In theory, the Justice Department could move quickly, declare the currently paused process left over from the Biden administration finished and publish a final rule in the Federal Register, the official record of what the federal government does – after which time final rules are usually effective in 30 days.
But there are complications. Critics dragged the Biden administration rescheduling process for taking too long, in part because the DOJ adhered to the process: taking public comment, responding to some of them, scheduling hearings before an administrative law judge – that is, building a record should the question come up in court of whether federal law was followed.
Legalization opponents have vowed to sue to stop rescheduling no matter what. If corners are cut and cannabis foes can convince a federal judge that the process wasn’t right, rescheduling could end up stuck in the courts. And United States court is rarely an expeditious process.
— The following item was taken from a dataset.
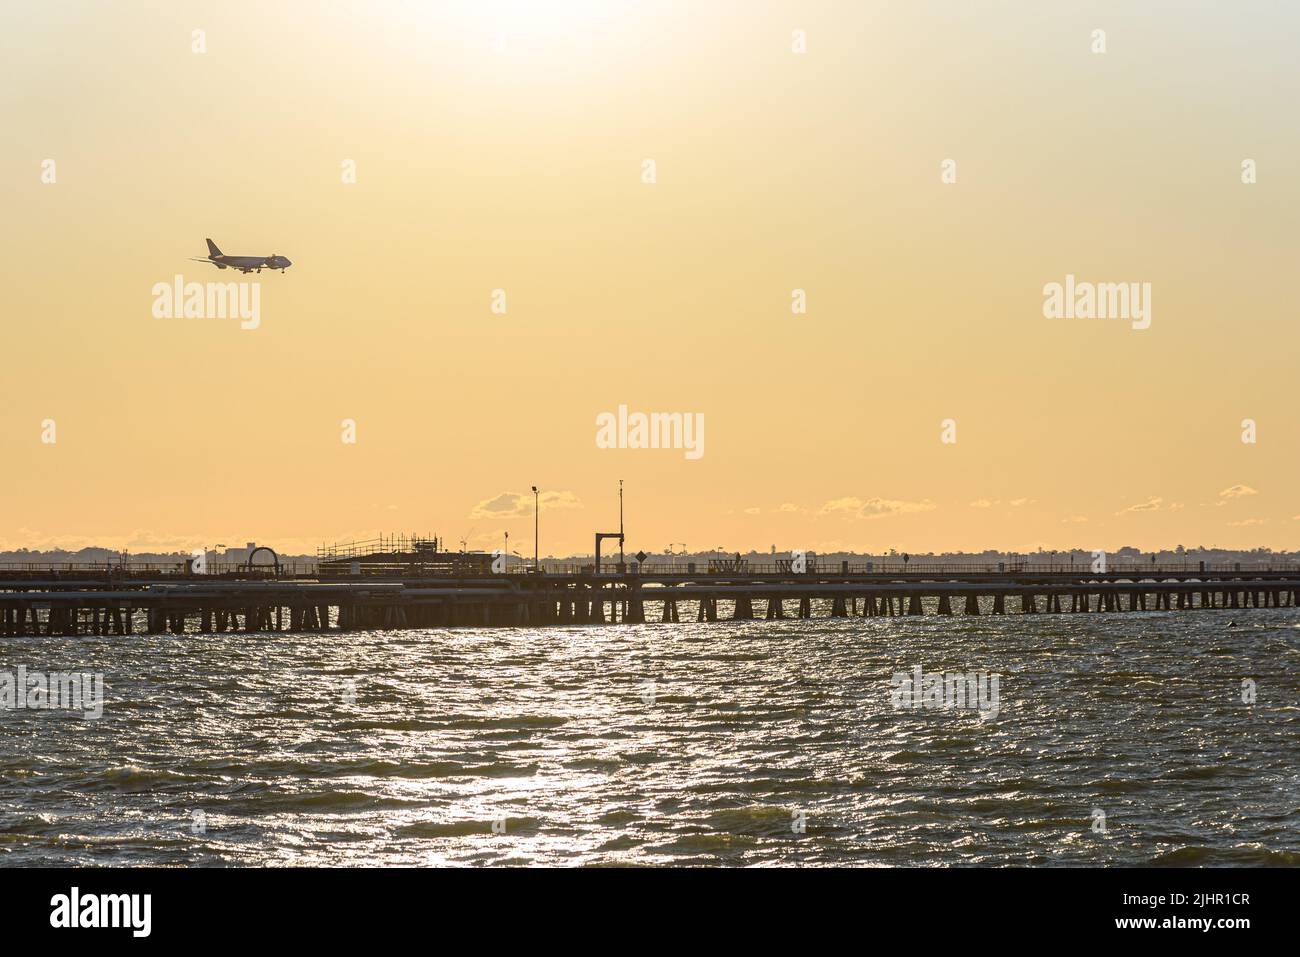 A UPS 747 plane on its approach to Sydney Airport above Botany Bay at sunset Stock Photo

Does marijuana rescheduling mean 280E no longer applies in 2025? Is 280E relief retroactive?
For many operators, the top question relates to tax relief, how much of it and when. “Everybody’s super excited about not having to deal with 280E,” said Rachel Gillette, a Denver-based partner at Holland & Hart, in the understatement of the year.
But some operators appear to be ready to file their 2025 returns free from 280E or go even further and file amended returns going back years. They are certainly free to do so, but that seems to guarantee a fight with the Internal Revenue Service in tax court – which is probably where the issue was destined, anyway.
Keep in mind cannabis remains Schedule 1 until the above process plays out – that is, until sometime in 2026 at the earliest. That means cannabis was Schedule 1 for all of 2025 – which means 280E applies.
As some tax experts recently noted in Bloomberg Law, the Internal Revenue Service has generally never allowed retroactive amendments to prior year returns based on changes in the law. (Think about it this way: marijuana legalization has allowed certain past offenses expunged but only because of accompanying changes in the law allowing for expungements; Congress could in theory also allow past 280E bills wiped out, but seems unlikely to do so.)
“That’s the official position of the IRS,” Gillette noted.
However, that doesn’t mean some enterprising cannabis operators won’t push the issue anyway and file amended returns for past years and/or 2025 returns claiming immunity. But that means spoiling for a fight.
“Everything can be argued by a lawyer,” Gillette noted.